__THE DATA__.
_ _ _ _ _
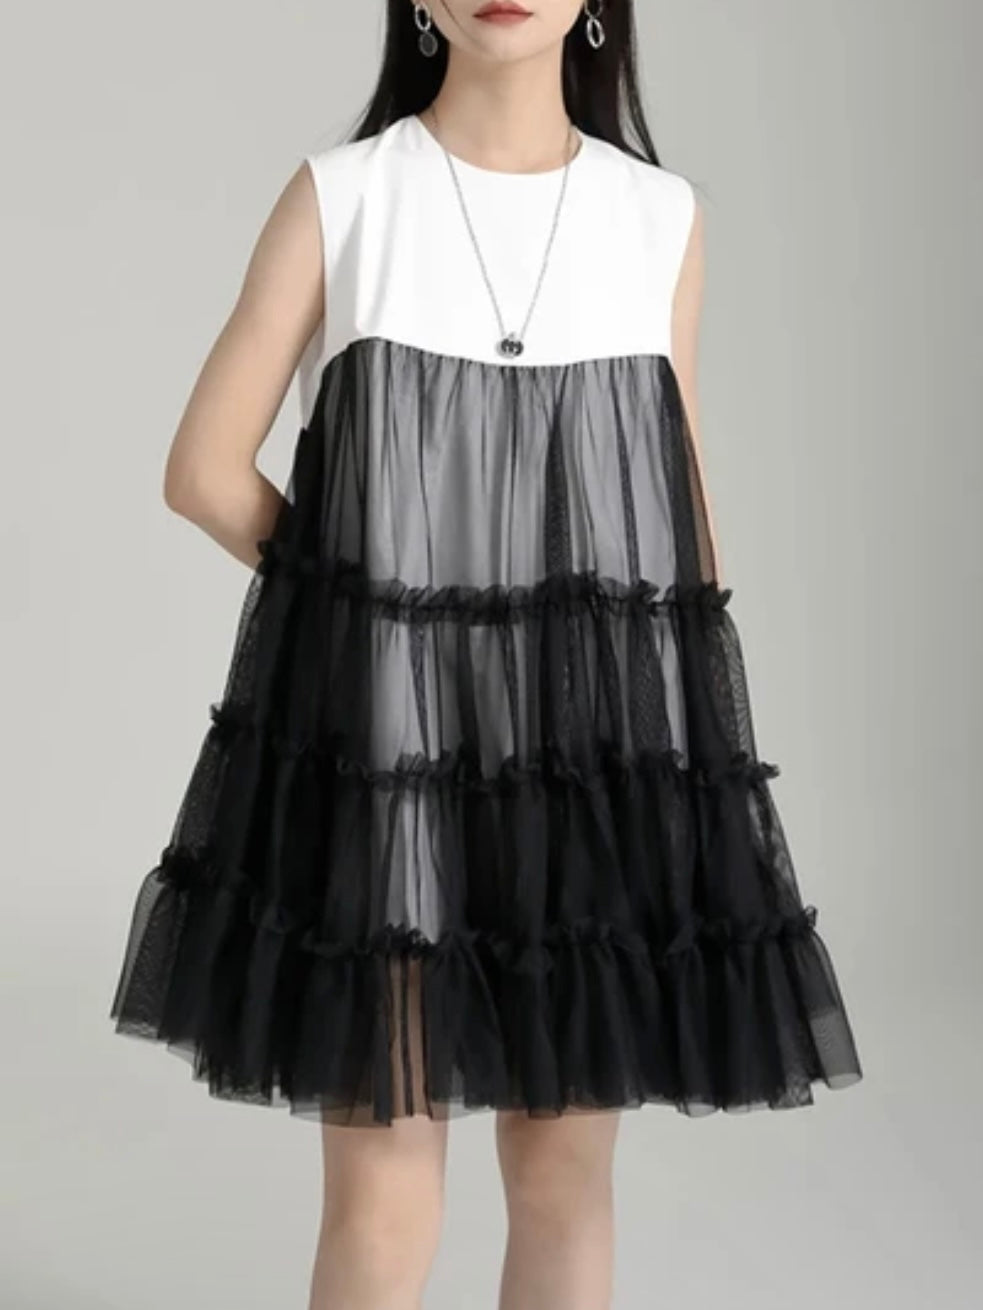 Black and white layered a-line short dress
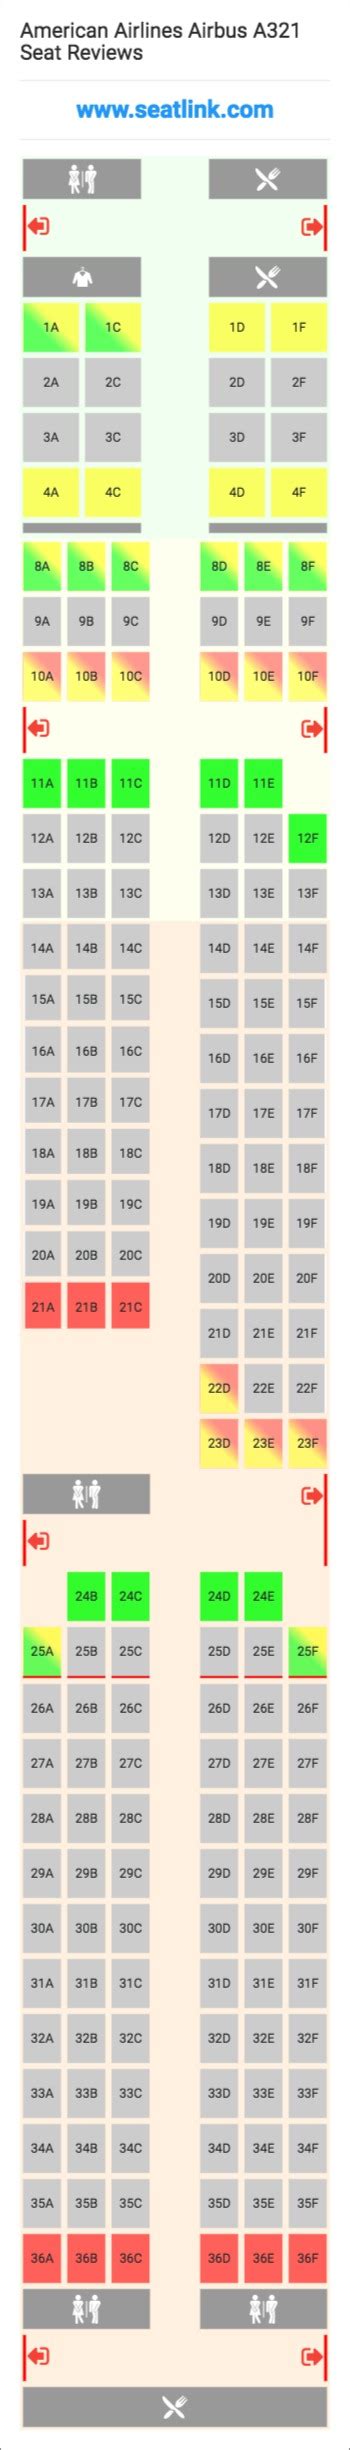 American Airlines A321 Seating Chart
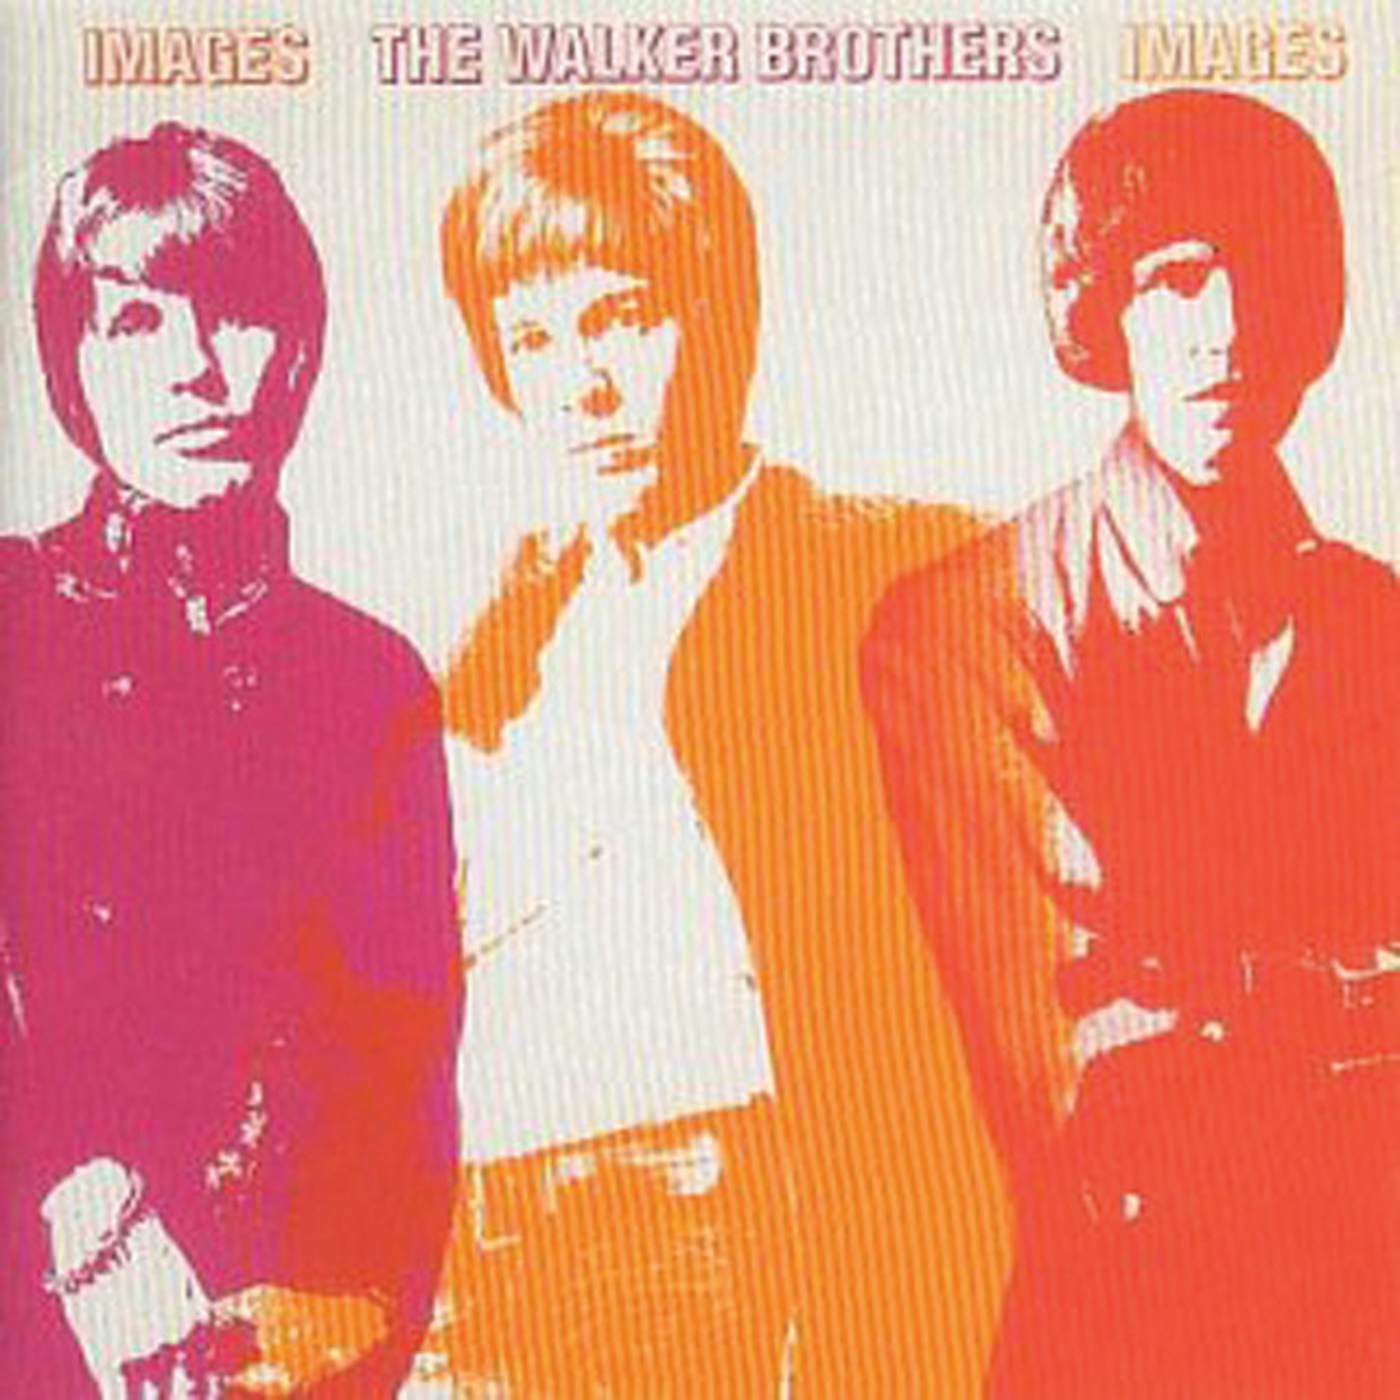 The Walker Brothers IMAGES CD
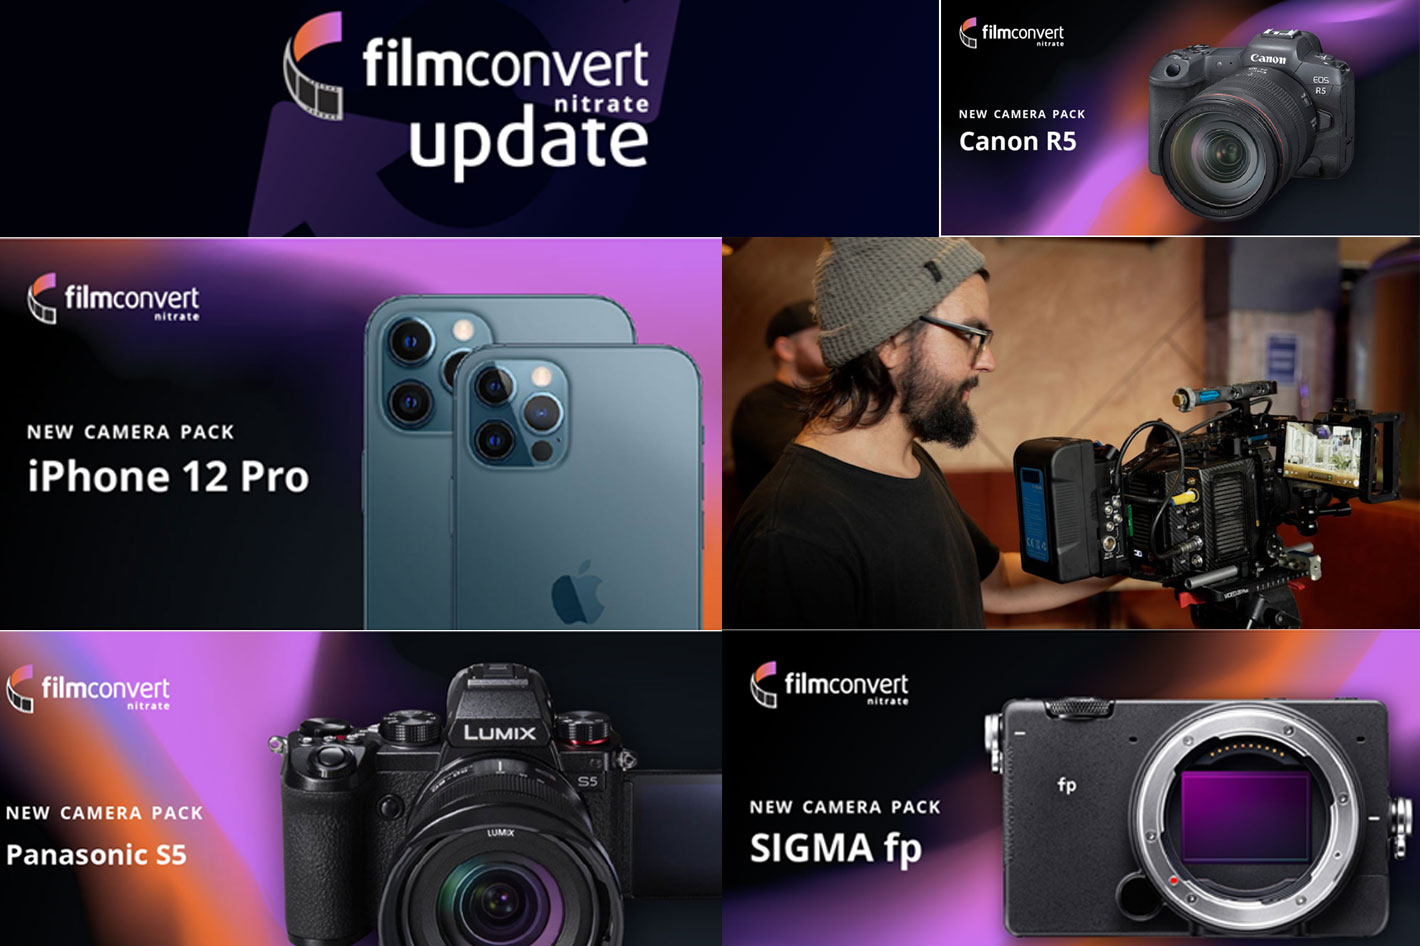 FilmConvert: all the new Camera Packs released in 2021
_ _ _ _ _
__GOAL OF THE EXERCISE__. The answer should match the material exactly, with every picture removed.

__WRITTEN RESPONSE__.
 Black and white layered a-line short dress
 American Airlines A321 Seating Chart
 The Walker Brothers IMAGES CD
 FilmConvert: all the new Camera Packs released in 2021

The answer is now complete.